Ночью меня разбудил не то плач, не то вой женщины, но когда я приподнял голову, услышал только, как шушукалась мама с Ганкой, и вновь заснул. Утром, когда встали, заметна была какая‑то перемена и в маме, и в Ганке. Несколько раз я замечал, как у Ганки слезились глаза. Она украдкой вытирала слезы и, придав лицу веселое выражение, начинала шутить со мной и ласкать меня. Потом снова слезы…
Меня одели во все уже чистое и сухое. Ганка одарила всякими подарками и лаской. Одно обстоятельство портило мое радостное гостевое состояние. Я чувствовал и в Ганке, и в маме переживание какой‑то беды. Ганка плакала, переставала и снова плакала. Я догадался, что и ночью выла она.

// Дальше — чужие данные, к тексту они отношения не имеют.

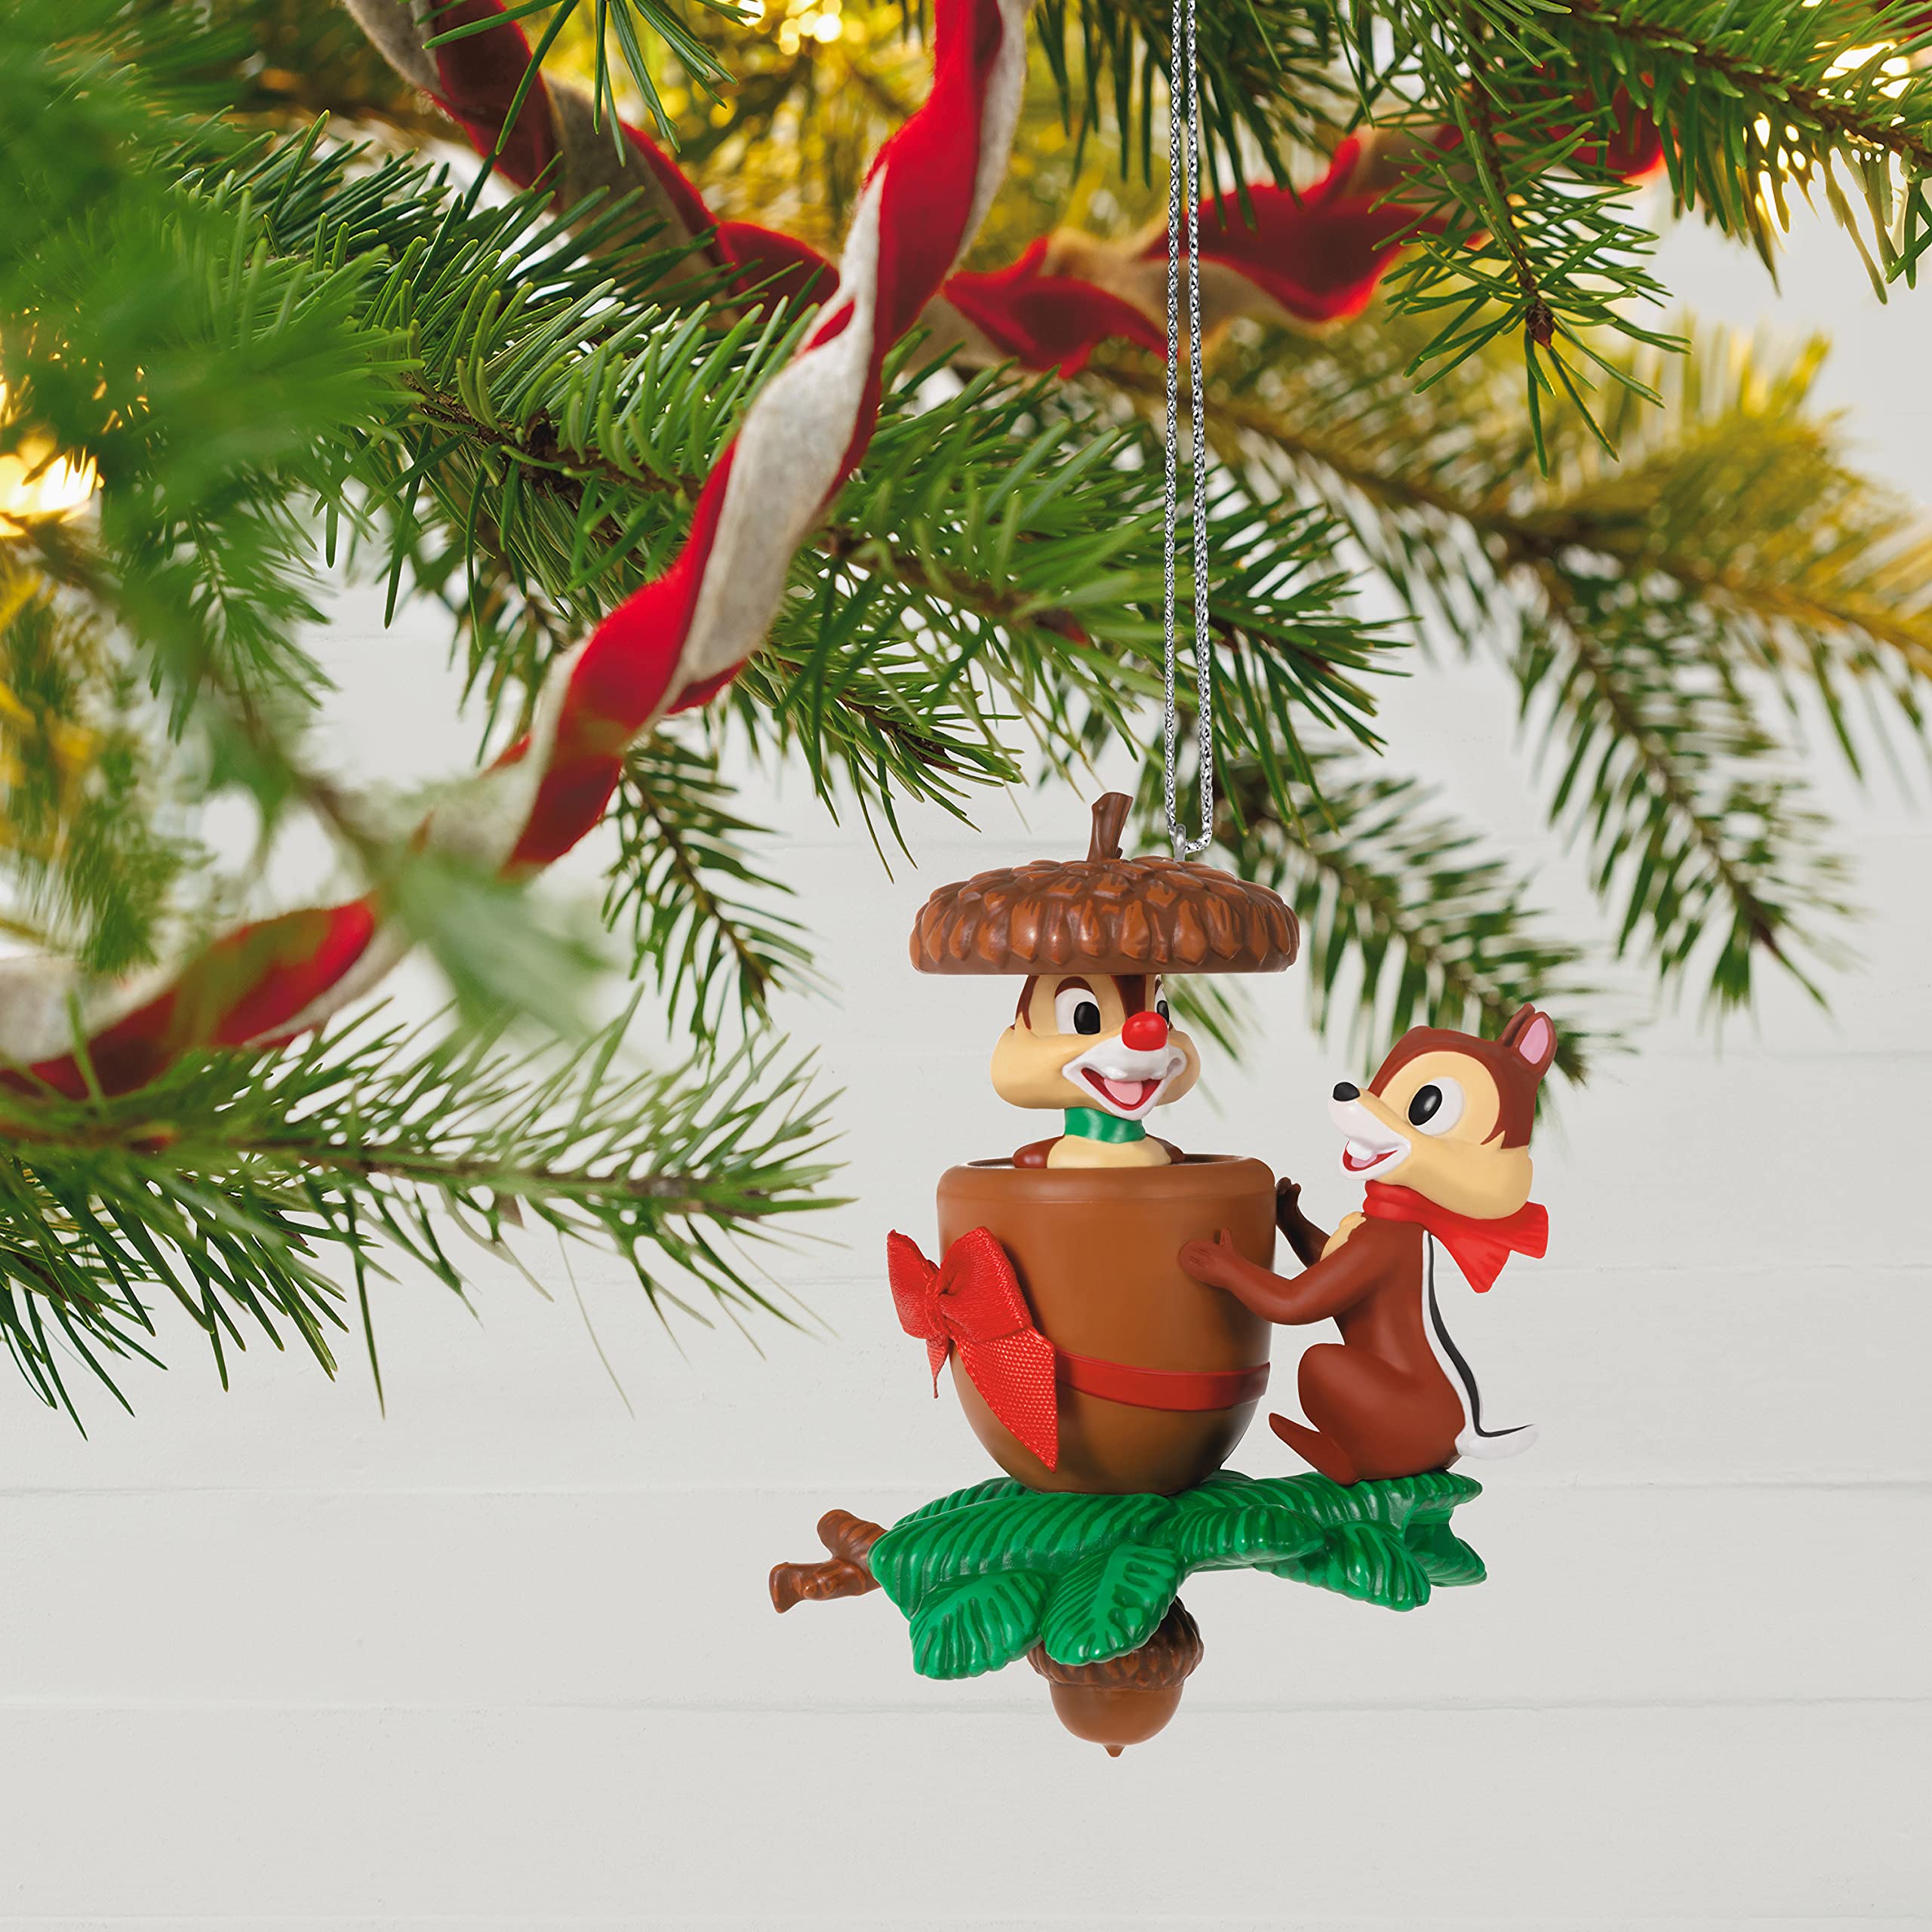 Hallmark Keepsake Christmas Ornament 2021, Disney Chip and Dale in a Nutshell, Motion

Когда она пошла провожать нас к парому, плакать прекратила,
став опять ласковой и шутливой. Но когда у парома начала прощаться с мамой, рыданья затрясли ее. Она отошла в сторону, чтобы совладать с собой. Эта попытка проститься продолжалась несколько раз.' Наконец, она поняла, что не получится, махнула рукой и, рыдая, пошла обратно.
На пароме мама была отчужденной, отворачивалась от меня, смотрела на противоположный берег. Когда паром причалил, мама первой заторопилась сойти, стараясь всех опередить.
Мы уже шли по дороге. Я оглянулся и увидел на противоположном высоком берегу Кубани Ганку. Она шла вдоль берега'. По тому, как ее локти были выставлены вперед, а руками она держалась за лоб, я понял: она продолжает рыдать. «Мама, — закричал я,
— посмотри! Она опять плачет. Почему она так много плачет?!» И тут прорвало плотину: мама затряслась в рыданиях, как и Ганка, на время остановилась и с неожиданной для нее злостью сказала, что это не мое дело и чтобы я не совал нос не в свои дела. И снова зарыдала.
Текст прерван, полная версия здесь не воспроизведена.